Data excerpt |
******************************

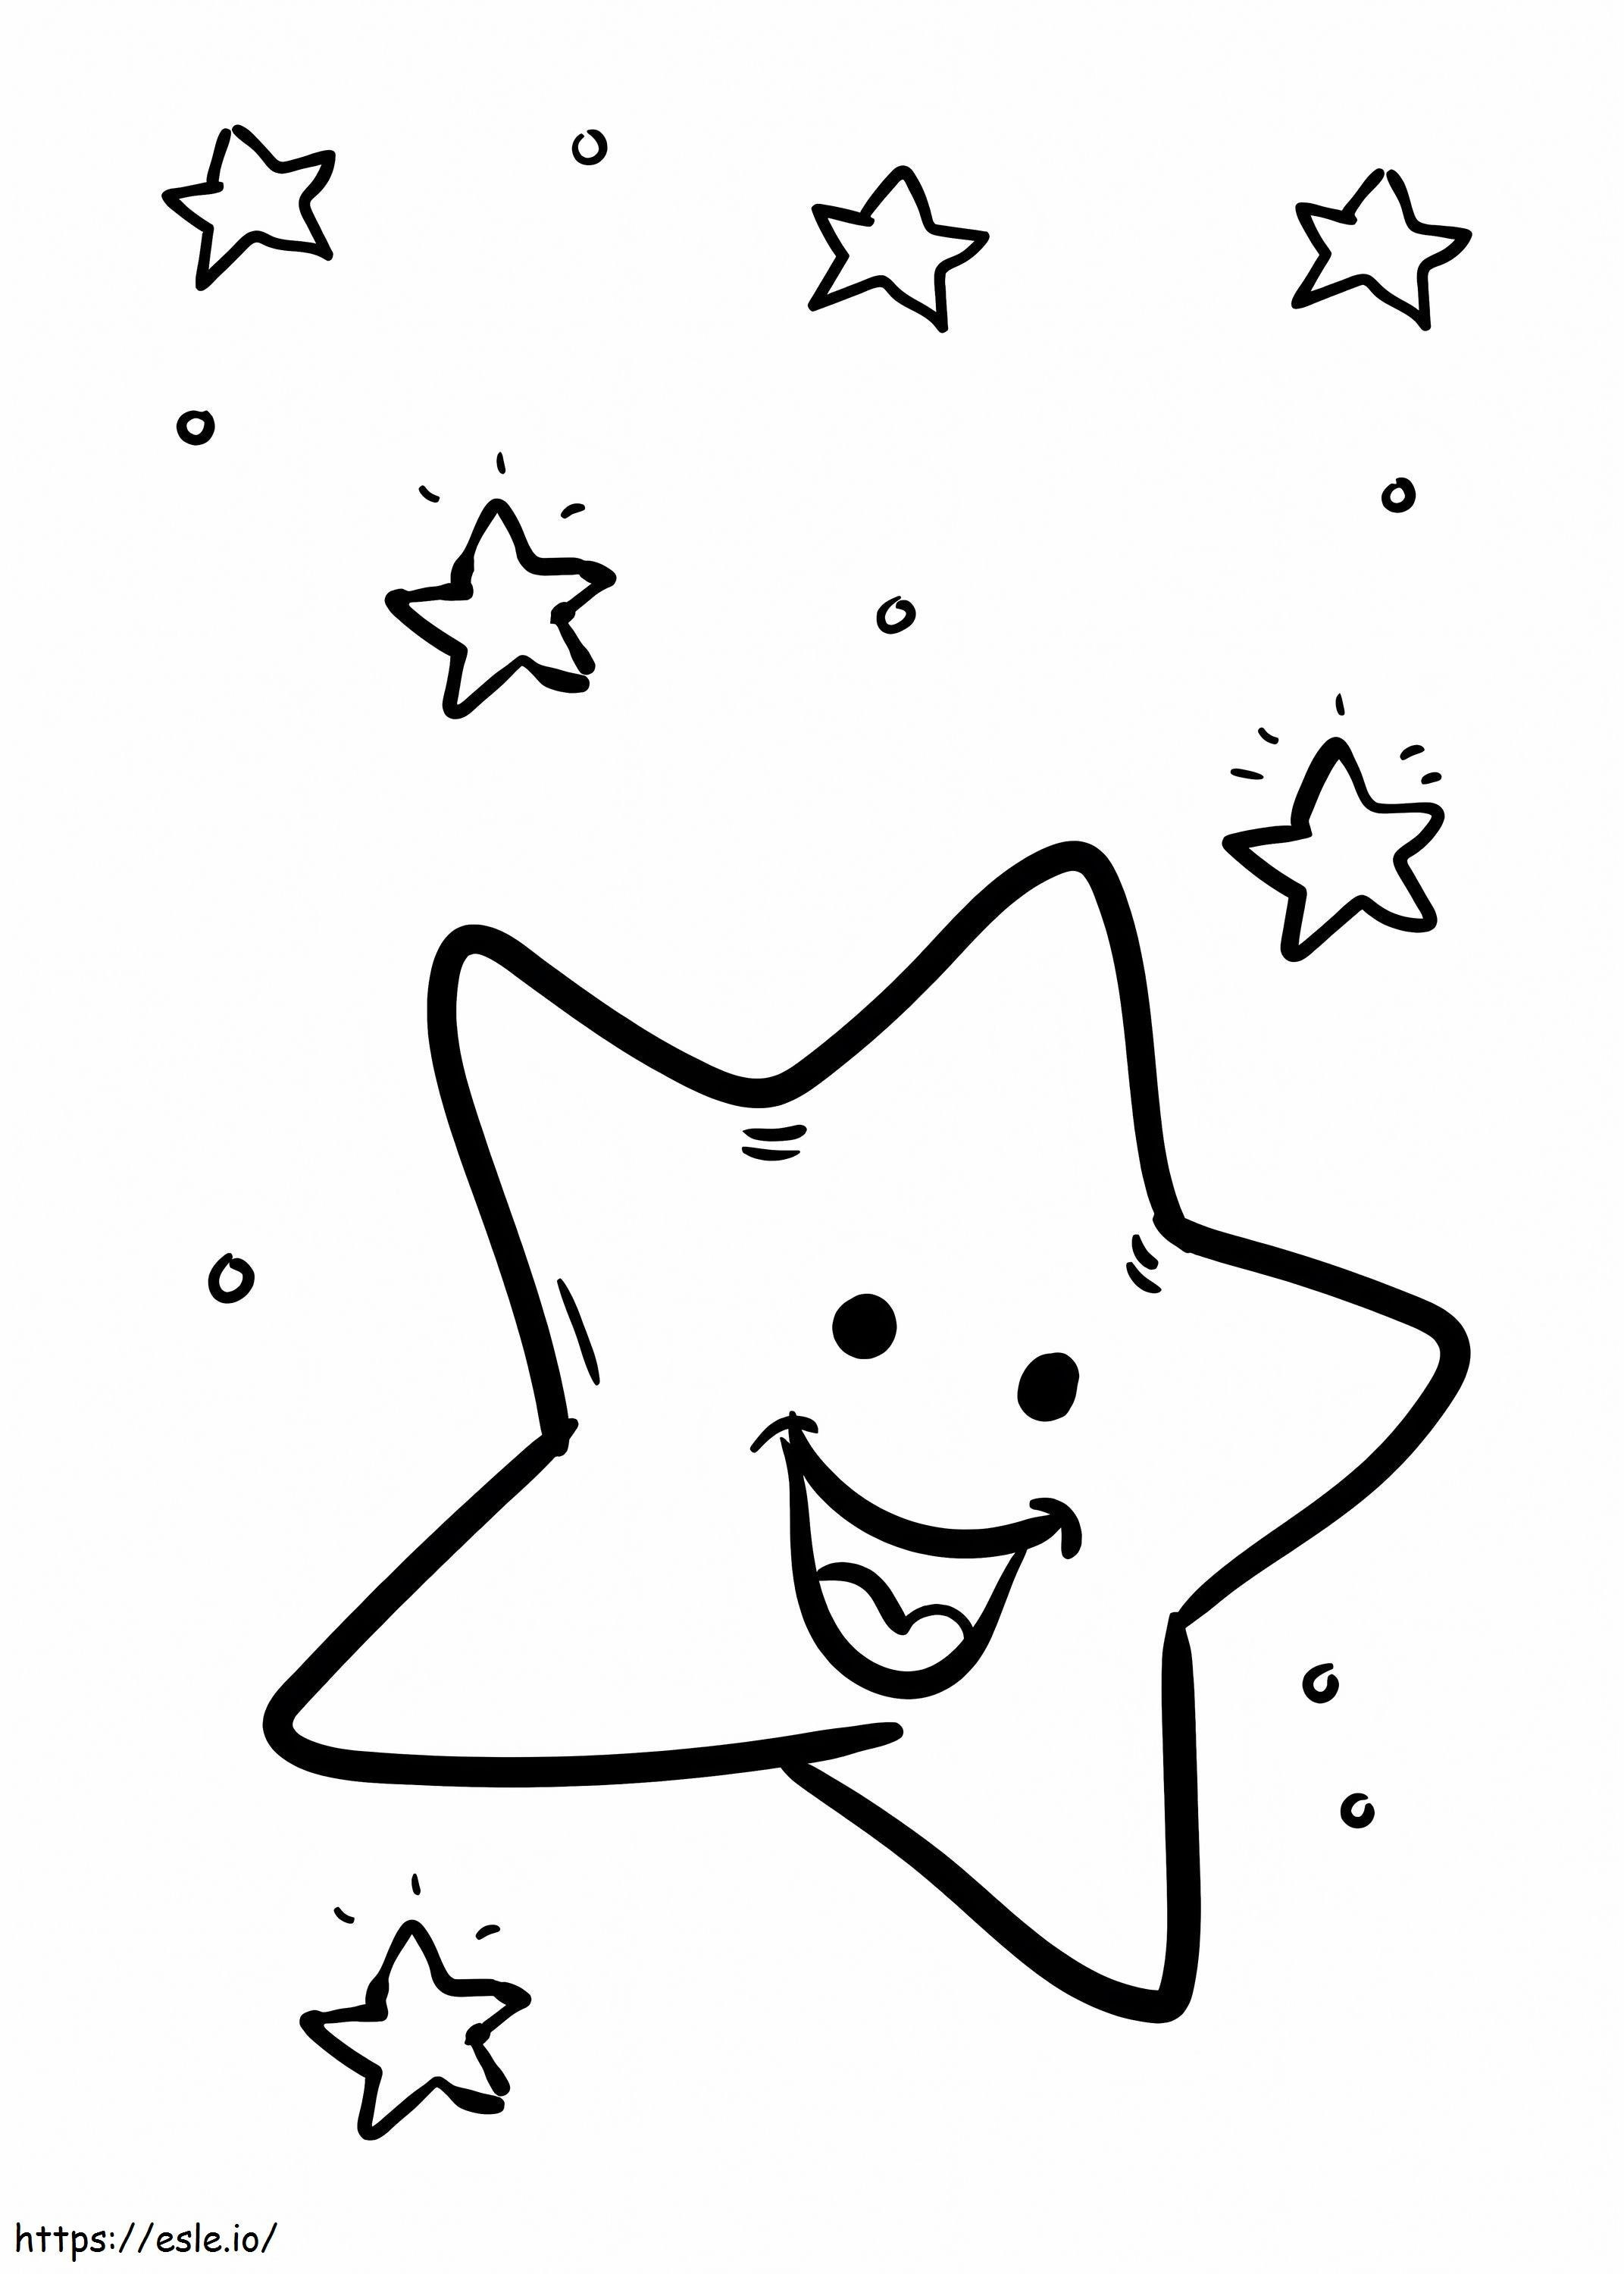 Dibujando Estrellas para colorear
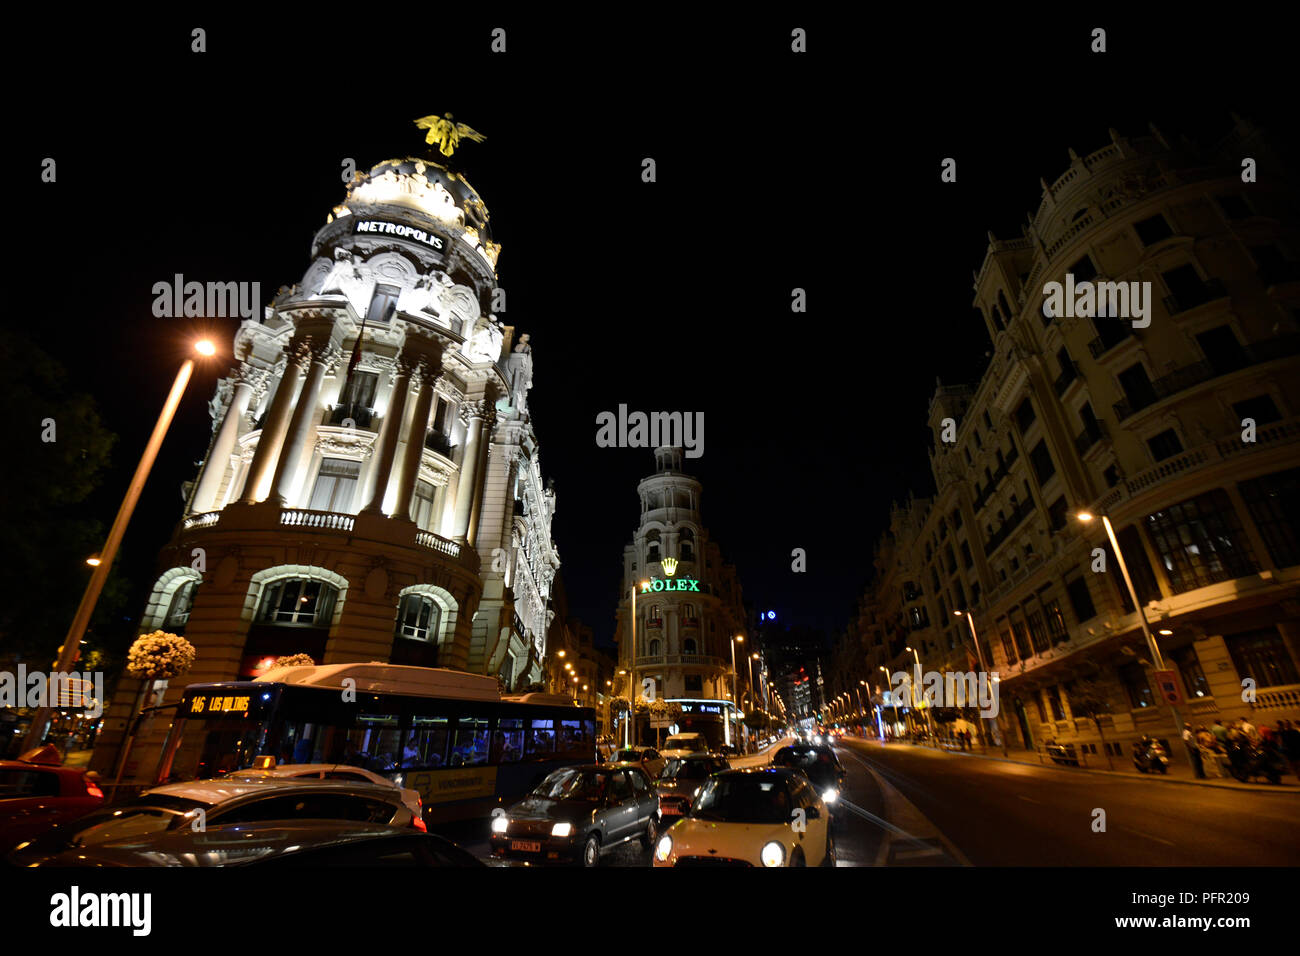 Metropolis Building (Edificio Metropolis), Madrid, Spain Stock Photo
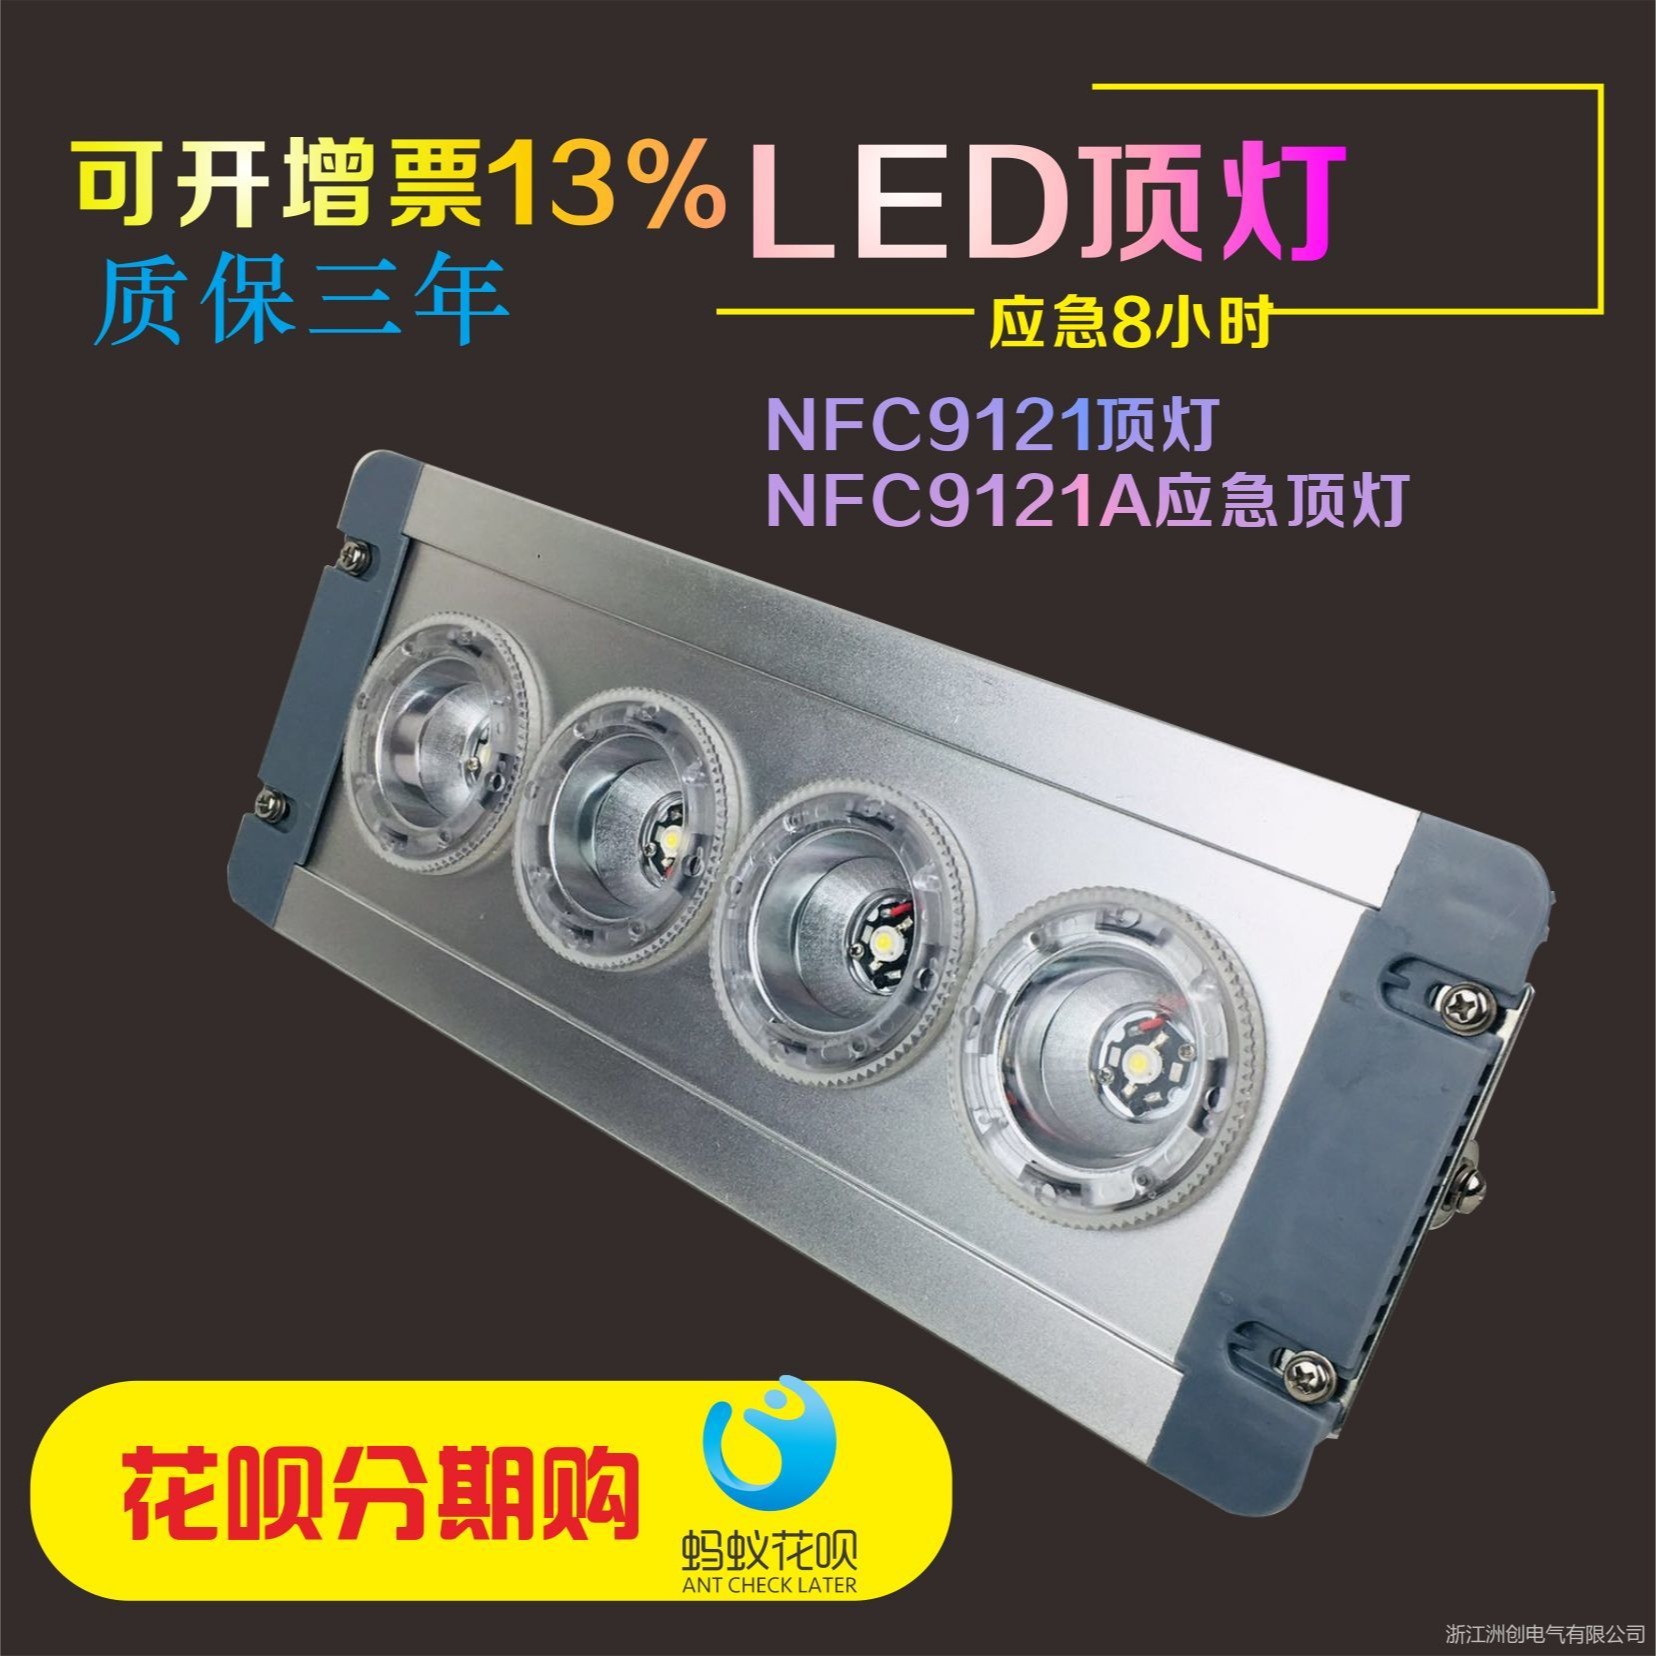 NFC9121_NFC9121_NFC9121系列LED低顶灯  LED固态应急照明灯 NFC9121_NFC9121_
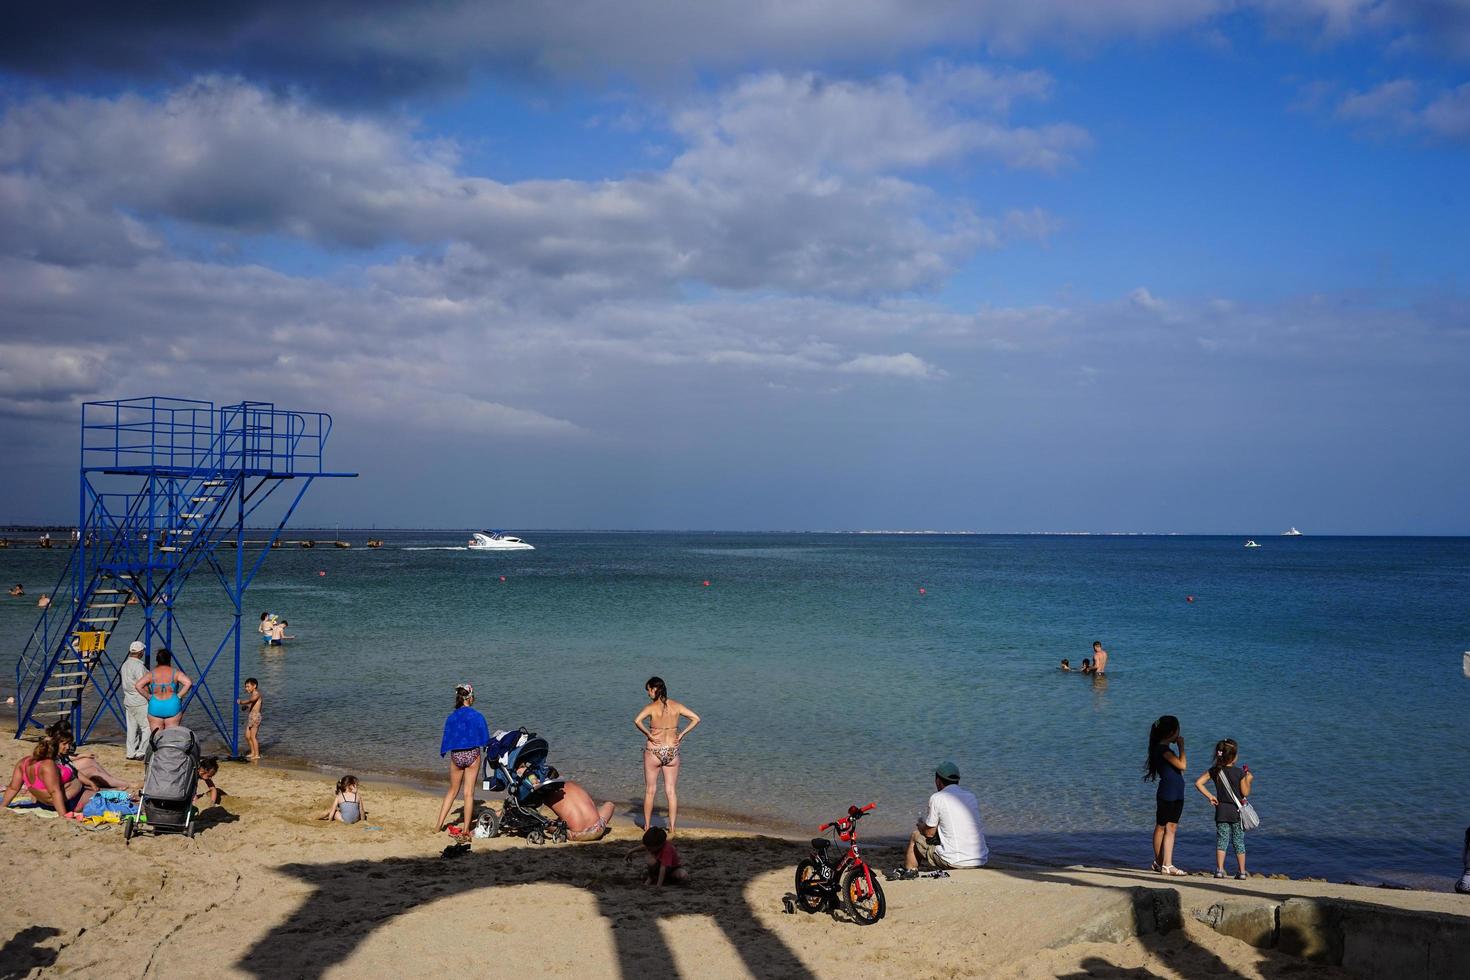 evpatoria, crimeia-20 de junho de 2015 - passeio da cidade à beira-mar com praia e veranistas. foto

******************************

Exercise objective | A verbatim copy of the listing is required, with all pictures left out.

Reply to the exercise |
 Dibujando Estrellas para colorear
 Metropolis Building (Edificio Metropolis), Madrid, Spain Stock Photo
 NFC9121_NFC9121_NFC9121系列LED低顶灯  LED固态应急照明灯 NFC9121_NFC9121_
 evpatoria, crimeia-20 de junho de 2015 - passeio da cidade à beira-mar com praia e veranistas. foto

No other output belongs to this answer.